GLASS, PHILIP (b. 1937)

Glassworlds • 3


  • Nicolas Horvath, piano

This program reverses time, revealing the Metamorphosis in Glass’s work from his 1980s film and theatre transcriptions, through The Olympian composed for the Los Angeles Olympiad, to rarities such as the dreamlike Coda. The Trilogy Sonata highlights Glass’s renowned operas from the celebratory Akhnaten Dance to the stately Satyagraha and landmark Einstein on the Beach. The dazzling pulse-patterns of Two Pages make it a milestone of minimalism, while the Sonatina No. 2 is a pre-minimalist work composed under the influence of Darius Milhaud.
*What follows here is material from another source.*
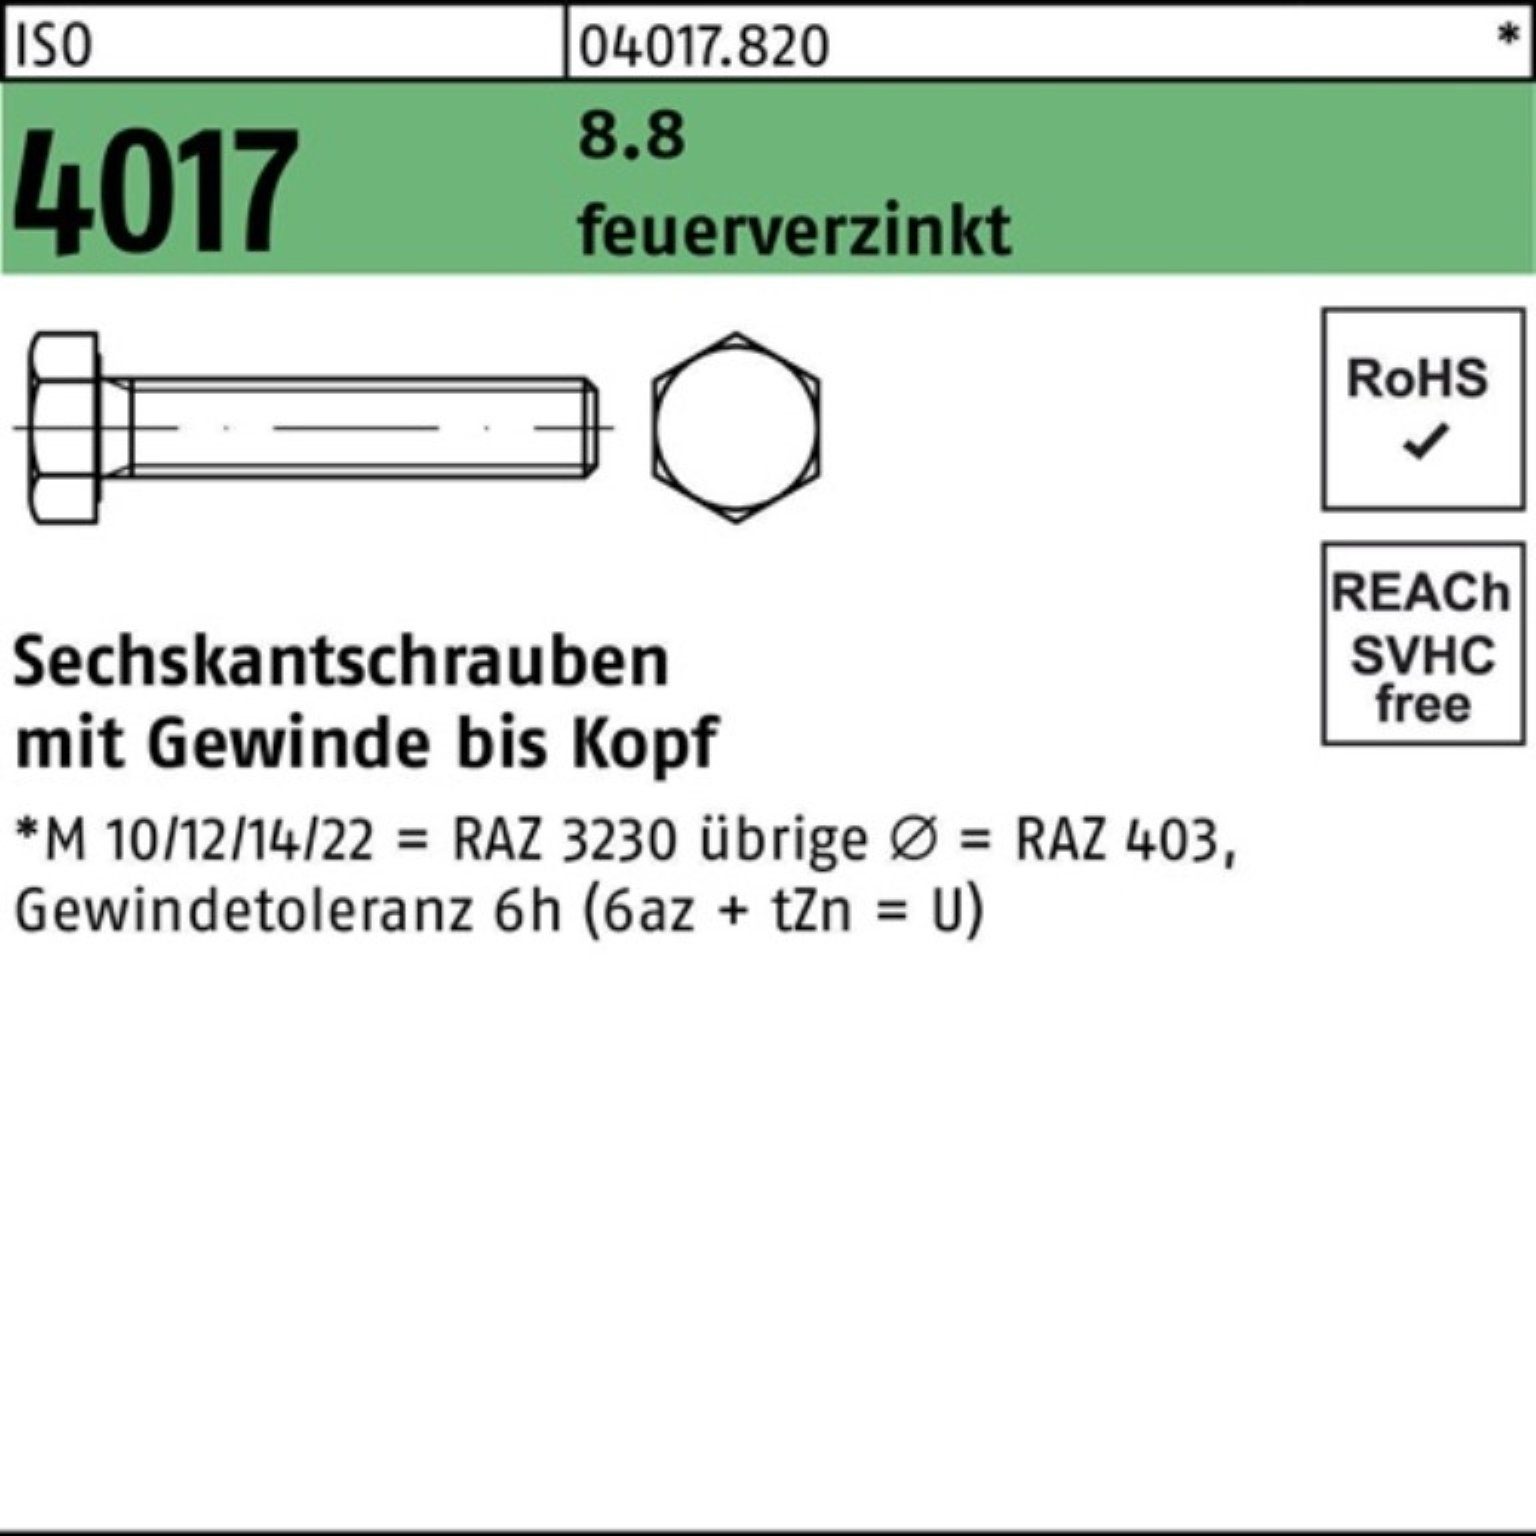 Bufab Sechskantschraube 100er Pack 35 St 100 Sechskantschraube ISO feuerverz. 4017 VG M12x 8.8

This recording was made on modern instruments:
Tracks 1–7, 9, 11, 12: Fazioli Grand Piano 2780649
Tracks 8, 10, 13: Steinway Model D 499495


Metamorphosis I (1988) (00:07:17)
Metamorphosis II (1988) (00:07:15)
Metamorphosis III (1988) (00:03:29)
Metamorphosis IV (1988) (00:09:57)
Metamorphosis V (1988) (00:06:00)
The Olympian - Lighting of the Torch and Closing (version for piano) (1984) (00:03:23)
The Late, Great Johnny Ace: Coda (1982) * (00:02:01)
A Secret Solo (1977) * (00:02:07)
Trilogy Sonata (arr. P. Barnes for piano) (2000) (00:01:00 )
III. Akhnaten, Act II Scene 3: Dance (00:05:06)
II. Satyagraha, Act III: Conclusion (00:08:39)
I. Einstein on the Beach: Knee Play No. 4 (00:06:08)
Two Pages (1969) (00:12:50)
Piano Sonatina No. 2 (1959) * (00:02:51)
* World Première Recording
Total Time: 01:17:03

The Artist(s)

Nicolas Horvath Nicolas Horvath began his music studies at Monaco’s Académie de Musique et de Théâtre Prince Rainier III and soon began to make an impression on a number of artists who would become his mentors. Aged 16 he caught the attention of the American conductor Lawrence Foster before coming to the notice of several distinguished international pianists, including Liszt specialist Leslie Howard. He is the recipient of numerous awards, including First Prize at both the Scriabin and the Luigi Nono International Competitions. He has become noted for hosting concerts of unusual length, sometimes lasting over twelve hours, such as the overnight performance of the complete piano music of Erik Satie at the Paris Philharmonie before a cumulative audience of 14,000 people. In 2019 he performed alongside Philip Glass at the same venue in a programme devoted to the American composer’s piano music. Horvath’s extensive and varied discography on Grand Piano includes the highly acclaimed Philip Glass solo piano music edition, Glassworlds; the complete piano works of Erik Satie; piano sonatas by the Estonian composer Jaan Rääts and music by the American experimental composer Alvin Lucier; Carl Czerny’s 30 Études; and lesser-known piano music by Claude Debussey, Anne-Louise Brillion de Jouy and Hélène de Montgeroult. Nicolas is a Steinway Artist.

The Composer(s)

Piano is Philip Glass’ primary instrument (he also studied violin and flute); he composes at the keyboard. With its seemingly contradictory elements of lyricism and percussiveness, it is in some ways the ideal medium for Glass’ musical language. With its deep roots in tradition (spanning the Classical, Romantic and Modern eras), the instrument embodies the composer’s desire to merge new ideas with classic forms. It is perhaps via piano (and, by extension, keyboard) that performers and listeners can make the most direct and personal contact with Glass’ musical genius.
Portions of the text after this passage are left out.